▶ _Task material_
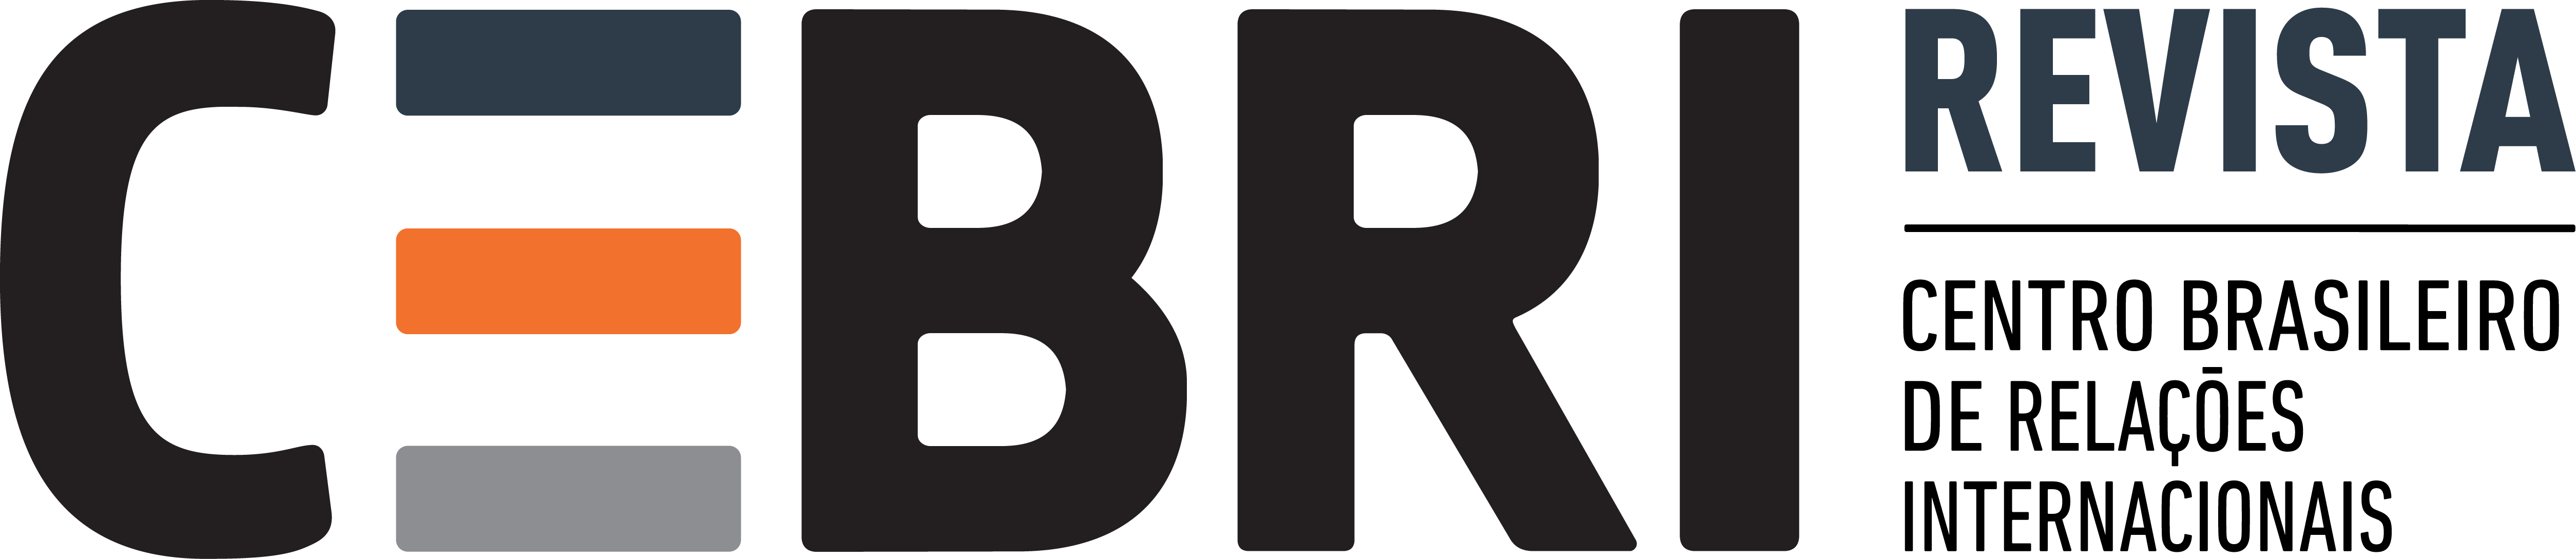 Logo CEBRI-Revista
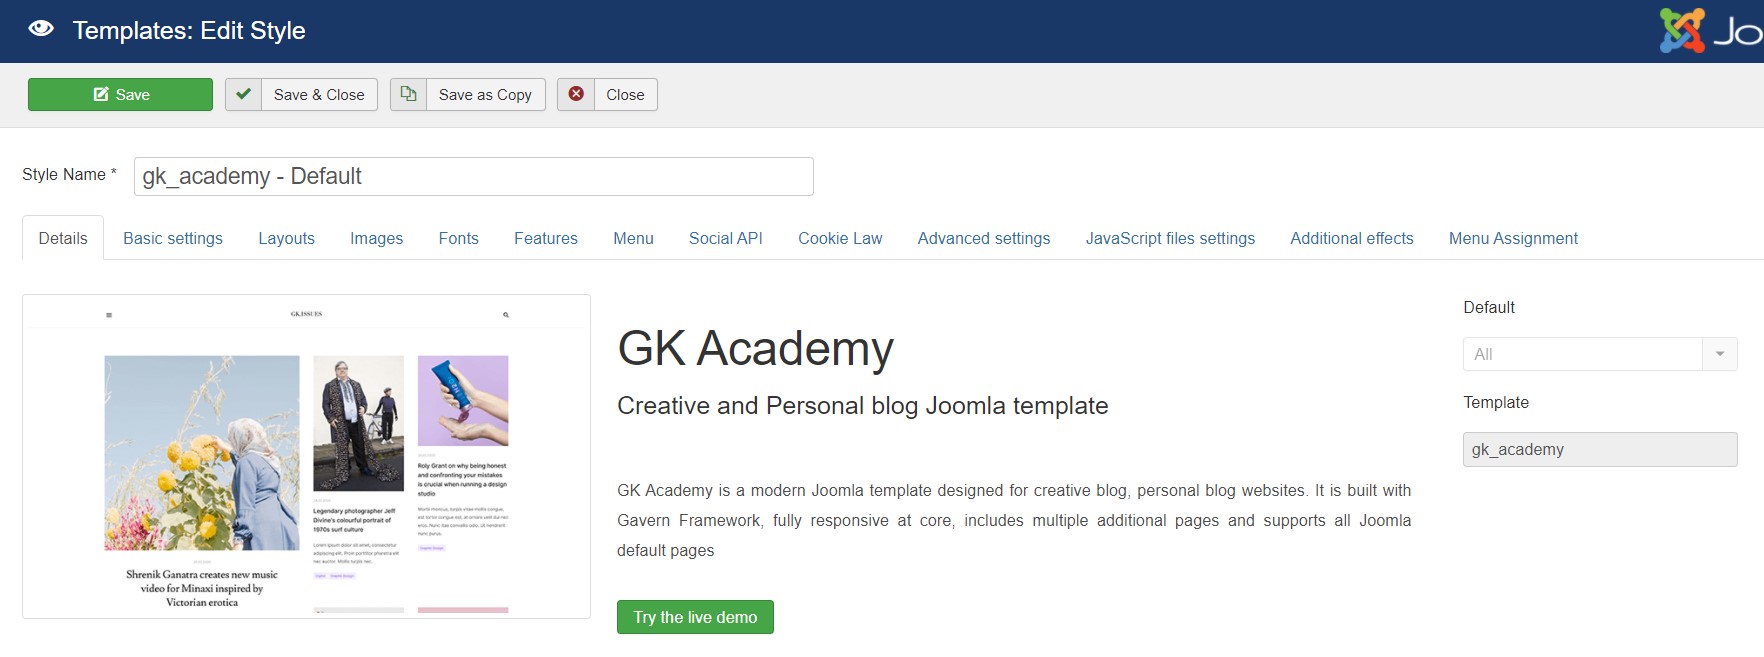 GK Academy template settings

--

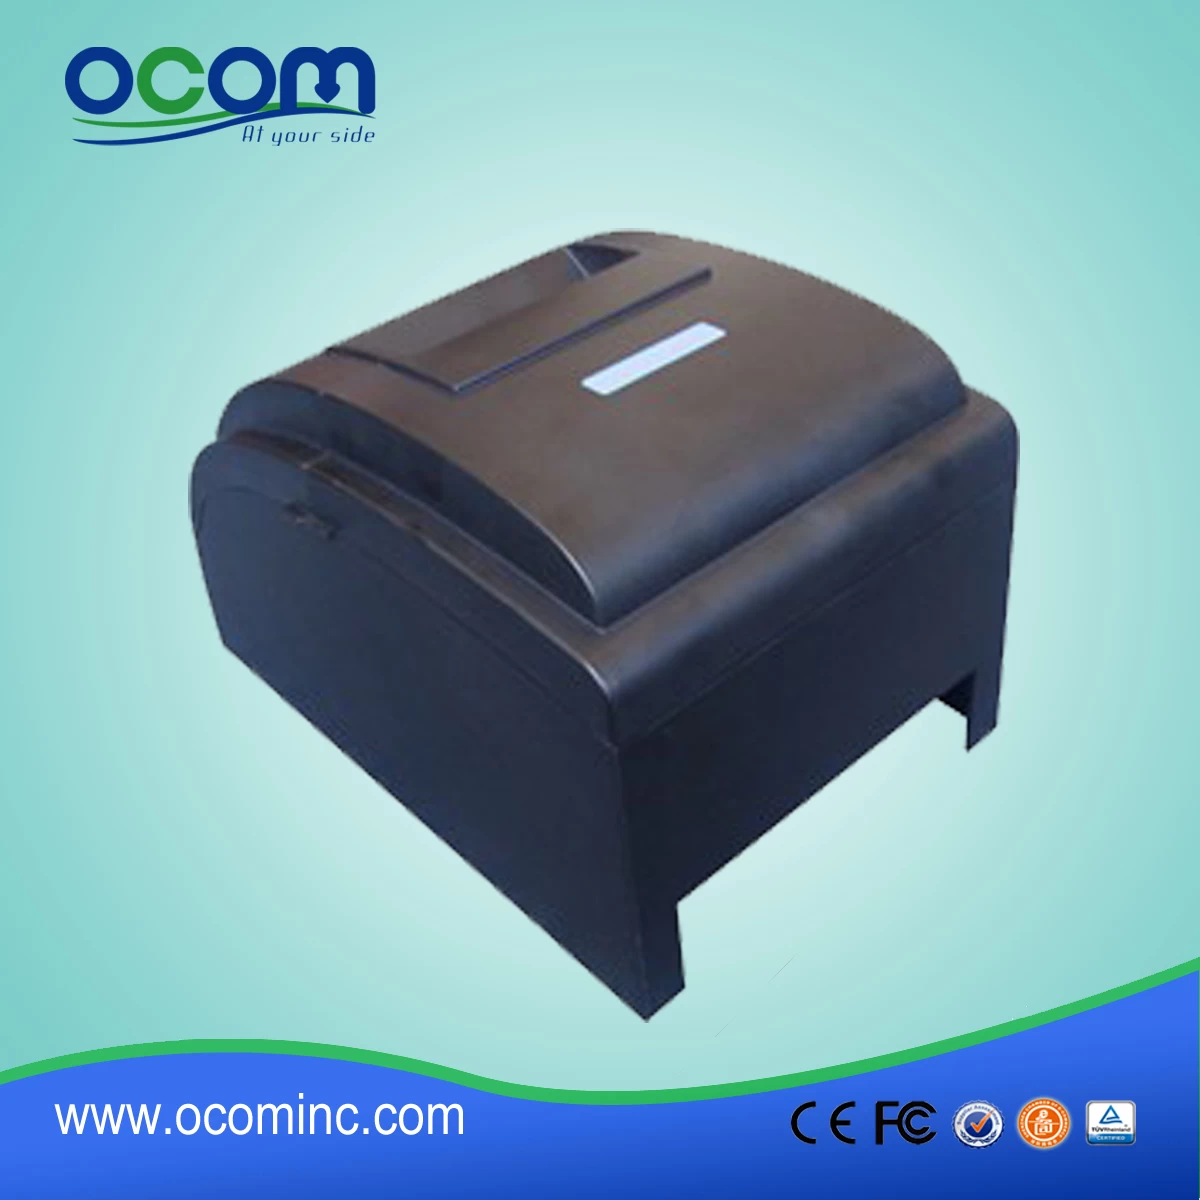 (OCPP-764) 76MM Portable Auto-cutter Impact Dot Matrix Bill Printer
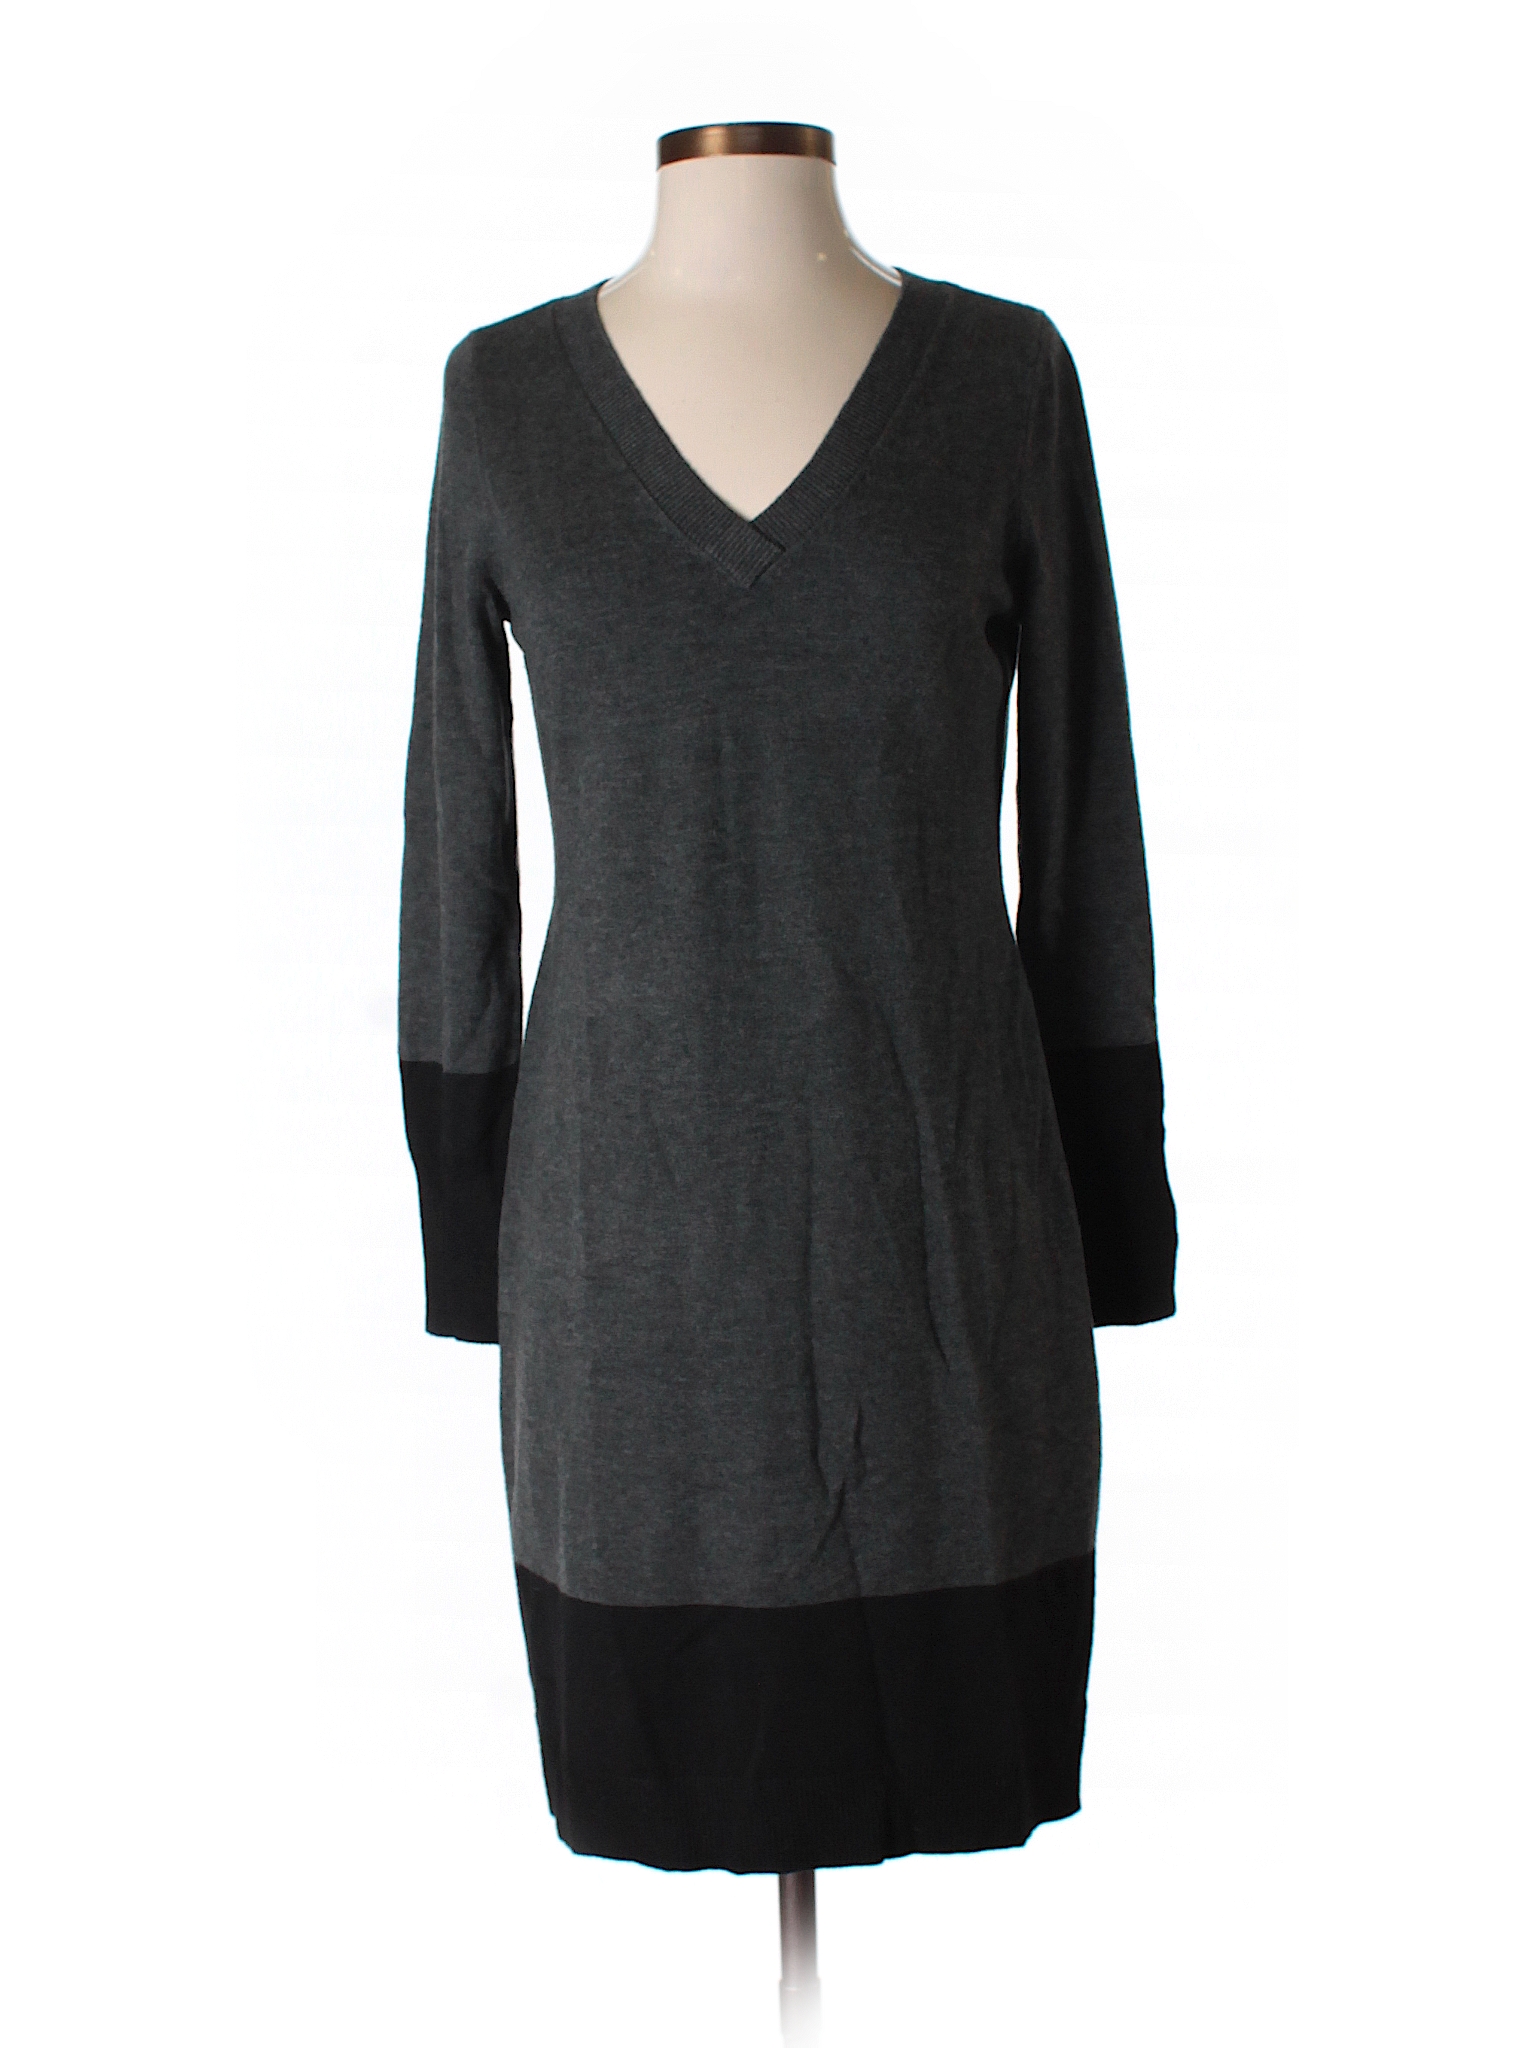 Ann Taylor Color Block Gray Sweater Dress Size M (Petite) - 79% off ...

==

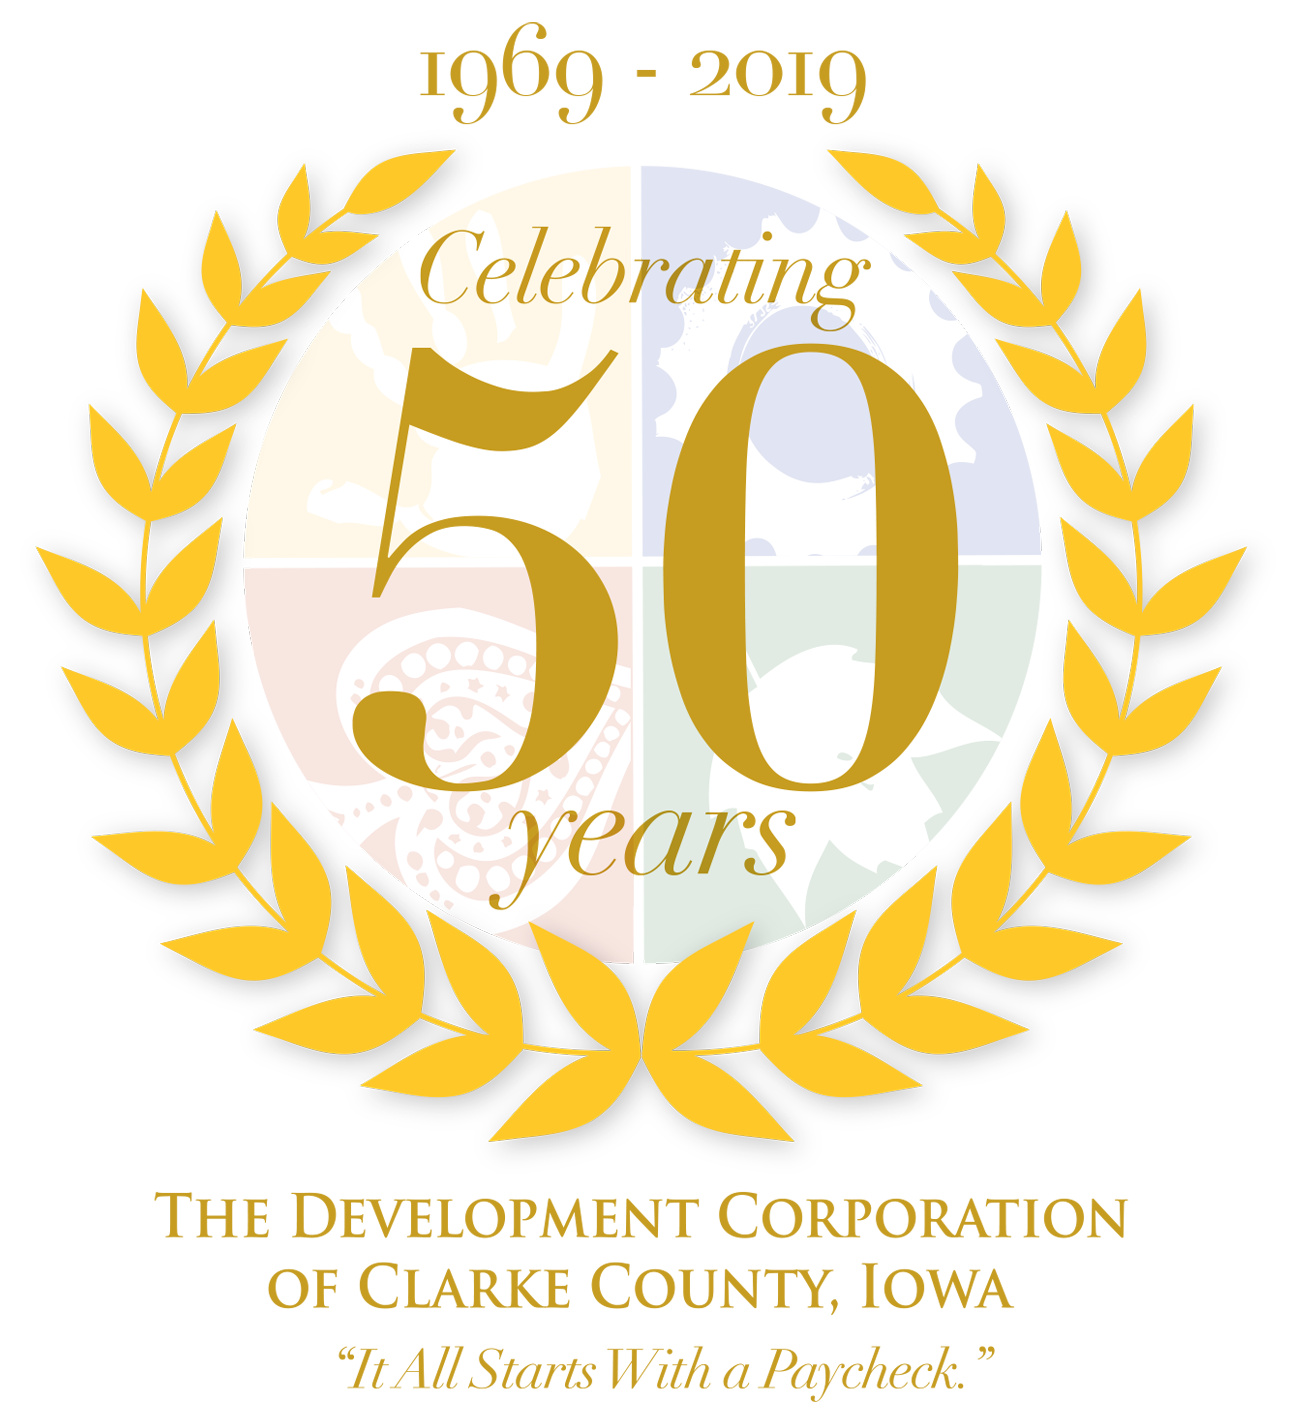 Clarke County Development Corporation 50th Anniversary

▶ _Work to complete_
Only one stretch of the listing above is to be duplicated: the lines from the one containing "Logo CEBRI-Revista" through the one containing "GK Academy template settings", both included. Copy them exactly, minus the pictures.

▶ _Solution to this task_
 Logo CEBRI-Revista
 GK Academy template settings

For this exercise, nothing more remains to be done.